In order to monitor the usage of datasets downloaded from federated sources, it could be relevant to introduce a reverse proxy for those remote sources. This API would count the download and then forward the user to that resource.

Also see the section on Knowledge extraction

In some cases, it is relevant not to guide the user to the remote source but to let Soilwise do some preprocessing (filtering, reformatting, reprojection) and provide a more tailored answer to the user question. Similar needs may exist for resources hosted within the SWR.

Various tools exist which provide standardised APIs on various data sources. The following APIs offer the functionality described above.

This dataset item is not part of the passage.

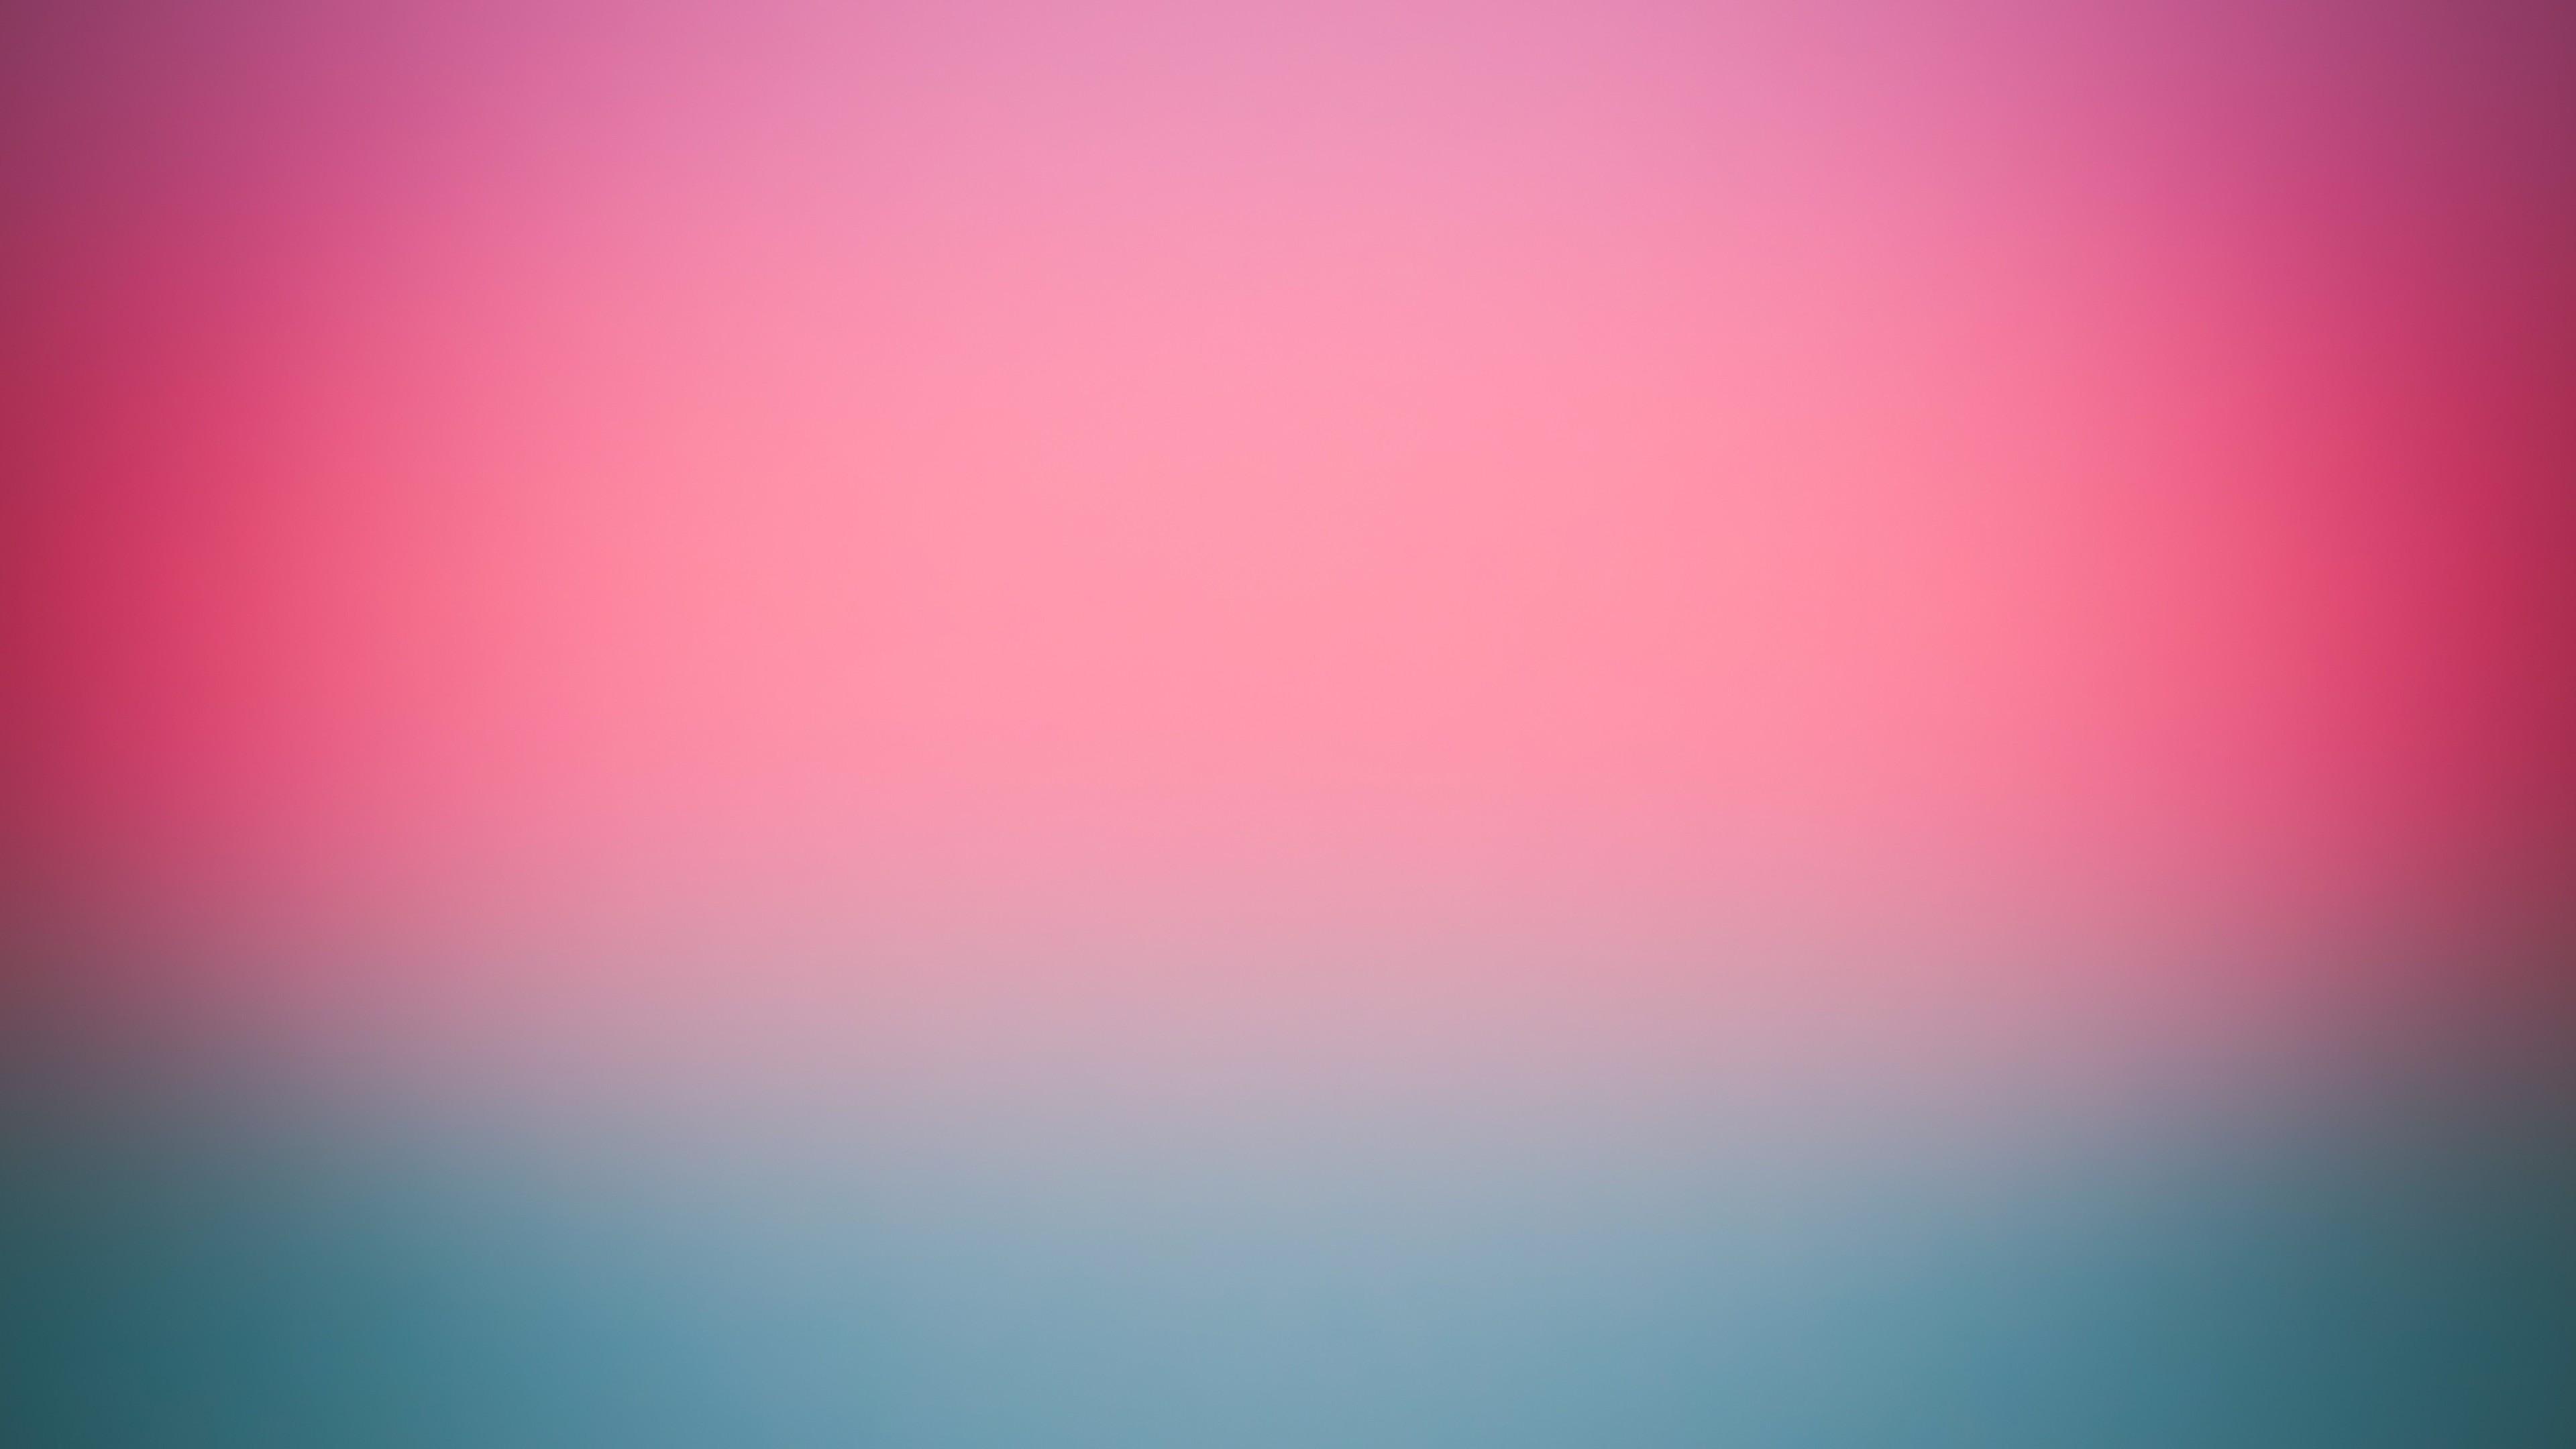 Розово-серый абстрактный фон

  • For non geographical data
    • GraphQL
    • SPARQL
    • OpenAPI
  • For geograpical data
    • For vector data
      • the OGC Web Feature Service (WFS aka ISO 19142) supports requests for geographical feature data (with vector geometry and attributes),
      • the OGC API – Features supports in the form of a REST API the capability to create, modify, and query spatial data on the Web and specifies requirements and recommendations for APIs that want to follow a standard way of sharing feature data.
      • Sensorthings API is a good fit for harmonised soil data.
    • For raster data
      • the OGC Web Coverage Service (WCS) supports requests for coverage data (rasters),
      • the OGC API – Coverages supports the download of coverages represented by some binary or ASCII serialisation, specified by some data (encoding) format. Arguably, the most popular type of coverage is a gridded one. Satellite imagery is typically modelled as a gridded coverage, for example. Note that this standard has not been approved yet; further development may still occur.

Open issues

The persistent identification of records within a dataset is not guaranteed on (remote) sources that are disseminated using various APIs, such as OGC OWS services, GraphQL, and OpenAPI. Novel formats such as GeoParquet and COG allow range (subset) requests to a single endpoint and could combine FAIR identification and subset requests. Exploration of their potential for the SWR data download and export remains an open question.

Technology

Non geographic

Reverse proxy can probably be set up at the ingress/firewall level.

Research is needed to understand available technology to provide preview options on various types of resource types.

Geographic data

As described within the Data & Knowledge publication component, MapServer is intended for data publication in the SWR. MapServer is an open-source platform for publishing spatial data to the web using standardised APIs defined by the Open Geospatial Consortium, such as WMS, WFS, WCS, and OGC API-Features.

MapServer is not an optimal solution for providing rich data in a hierarchical structure. For that type of data Sensorthings API (frost server), WFS (deegree), graphql (postgraphile) and SPARQL (virtuoso) are more relevant.

Integration opportunities

SWR fully stands behind the FAIR principles, including persistent identification for the data download, which would result in a full download of the data/knowledge resource.